The New York Reviews of Books has an article reminding us that today in 2007 Amazon introduced its electronic reading device, the Kindle. Francine Prose is not concerned about paper vs electronic reader but on privacy of readers. E-book retailers are now able to tell which books we have finished or not finished, how fast we have read read them, and precisely where we snapped them shut. I’m not surprised or bothered by the fact. In the age of electronic devices, and with the aid of social media, every move of ours can be tracked and traced. Publicity means tractability. Our smart phones are really GPS by which the government can tract our whereabouts and ply into the information and sites we are looking at.

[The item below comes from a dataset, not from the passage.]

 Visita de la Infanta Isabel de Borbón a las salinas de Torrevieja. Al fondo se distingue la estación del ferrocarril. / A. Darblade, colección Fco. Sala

I digress. As per books the data show mystery/thriller and romance are the two most popular genres readers most likely to finish the books. But does that mean readers would feel guilty and shameful about not finishing a book? Will it ever happen that someone can be convicted of a crime because a passage that he is found to have read, many times, on his e-book? I think Francine Prose is way too opinionated and paranoid about how readers’ habit are being too transparent. Does it really matter? Does everything have implications?

4 Responses

  1. Are you saying that collecting data on what we consume has no implications?

    • No, but I don’t really care one way or the other. Does it mean I’m terrorist if I’m perusing everything pertaining to ISIS? And who is going to monitor what everyone is reading?

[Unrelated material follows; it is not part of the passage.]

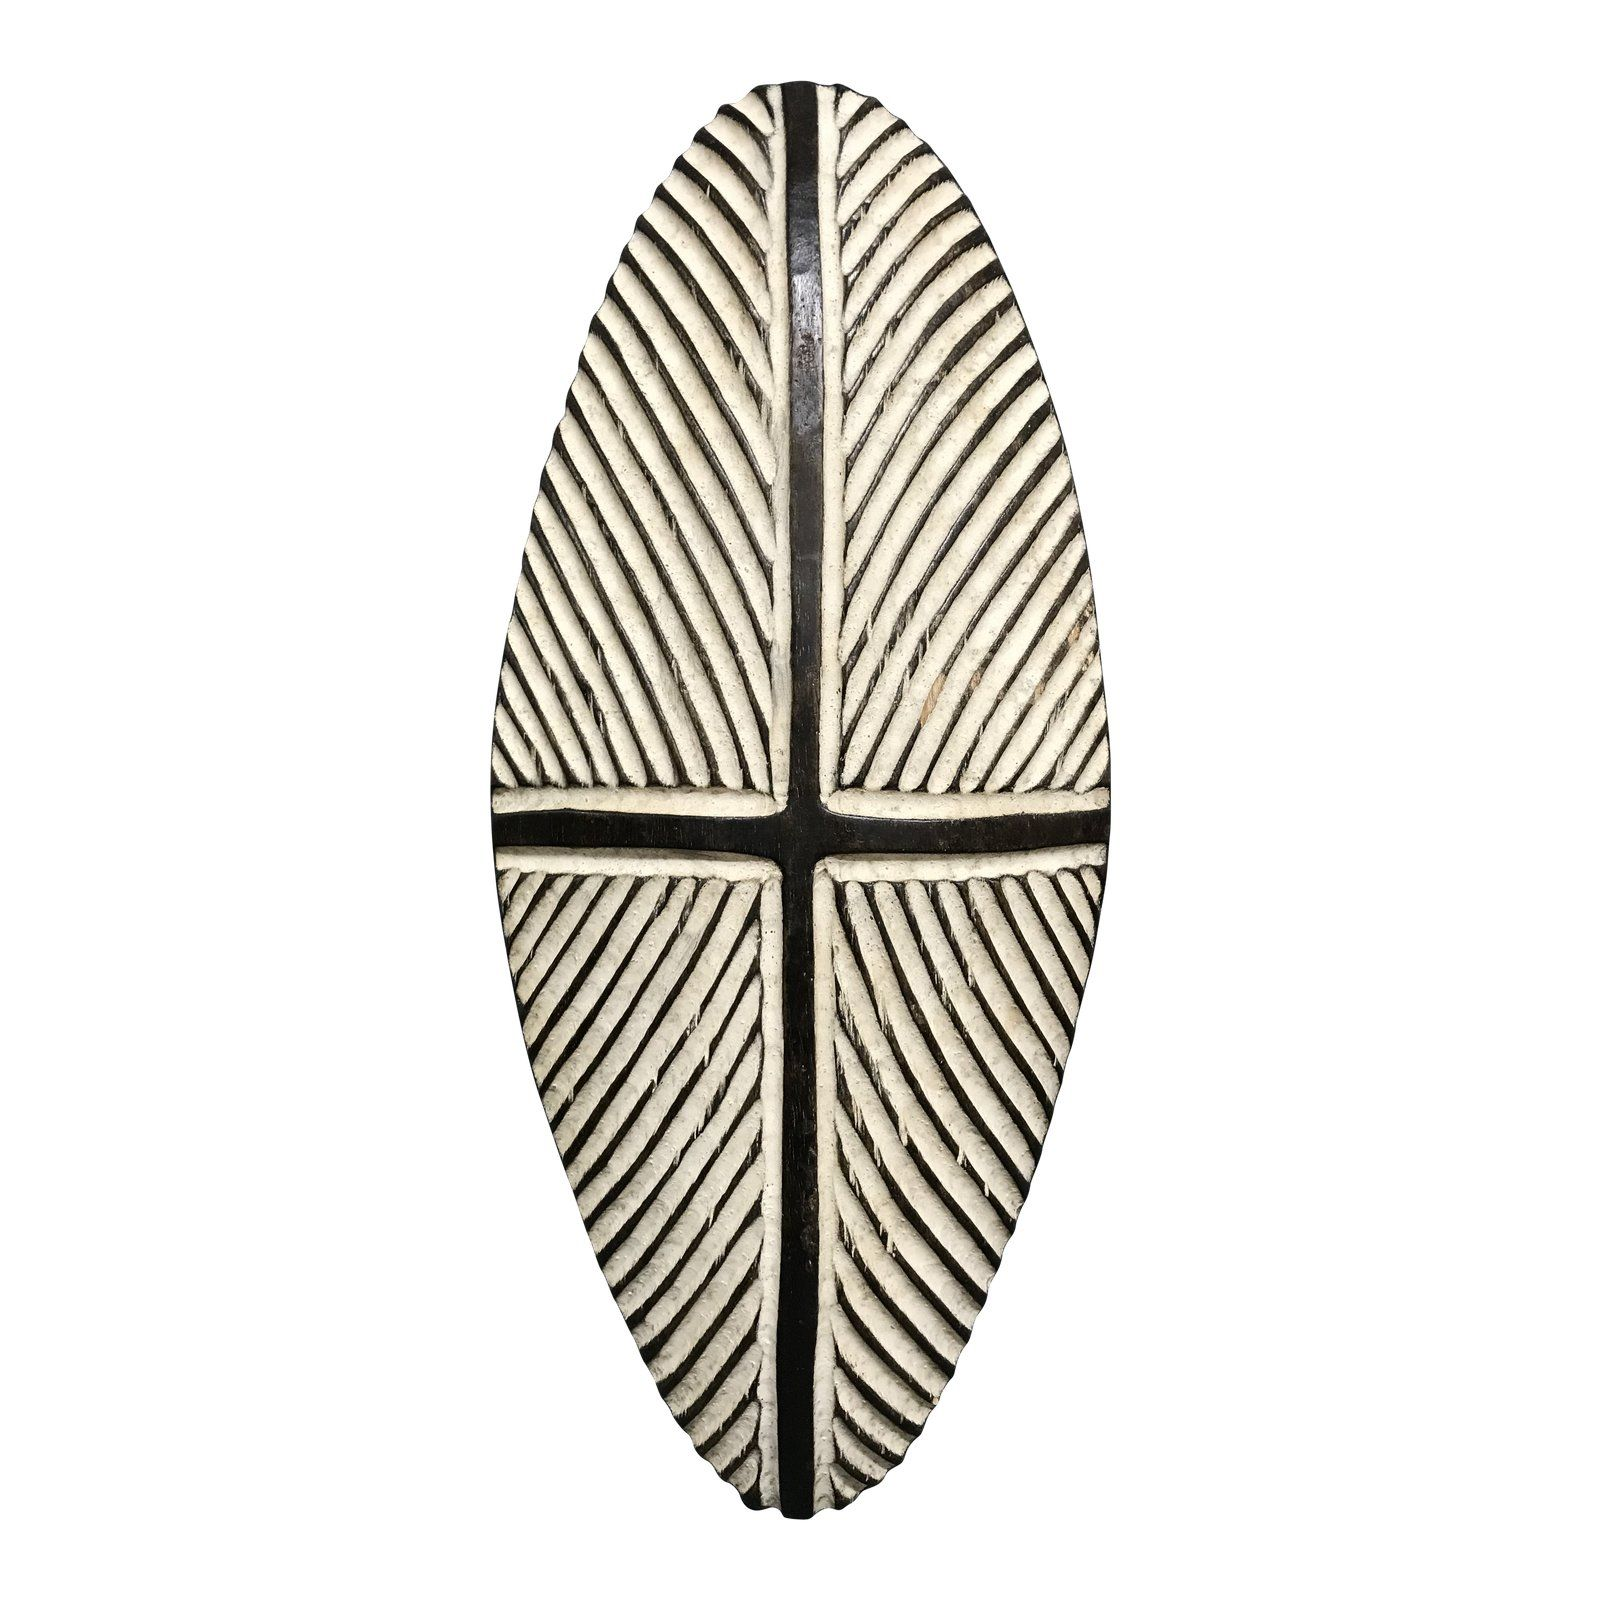 African Tribal Art Zulu Shield in 2019.

      • Concerns about government access to private information usually relate to the potential for governments to build tools for manipulation of public opinion. It’s easy to from a UK/US perspective to think of government as benign, something that has historically added checks and balances power, something which, in turn, has been reinforced since defeating totalitarianism. I don’t see what’s so objectionable to citizens being alert to a rollback of those checks and balances. Power is sometimes abused. The danger of not caring about what people can find out about yourself is probably not that great for most situations, but only someone naive would think that those who have access to their information are always going to act in their best interests.

  2. I don’t think there’s much danger of what people do find out about me from the trails of my e-reading device, but I am worried about identity theft. I’m distrustful about doing any banking on my cellphone.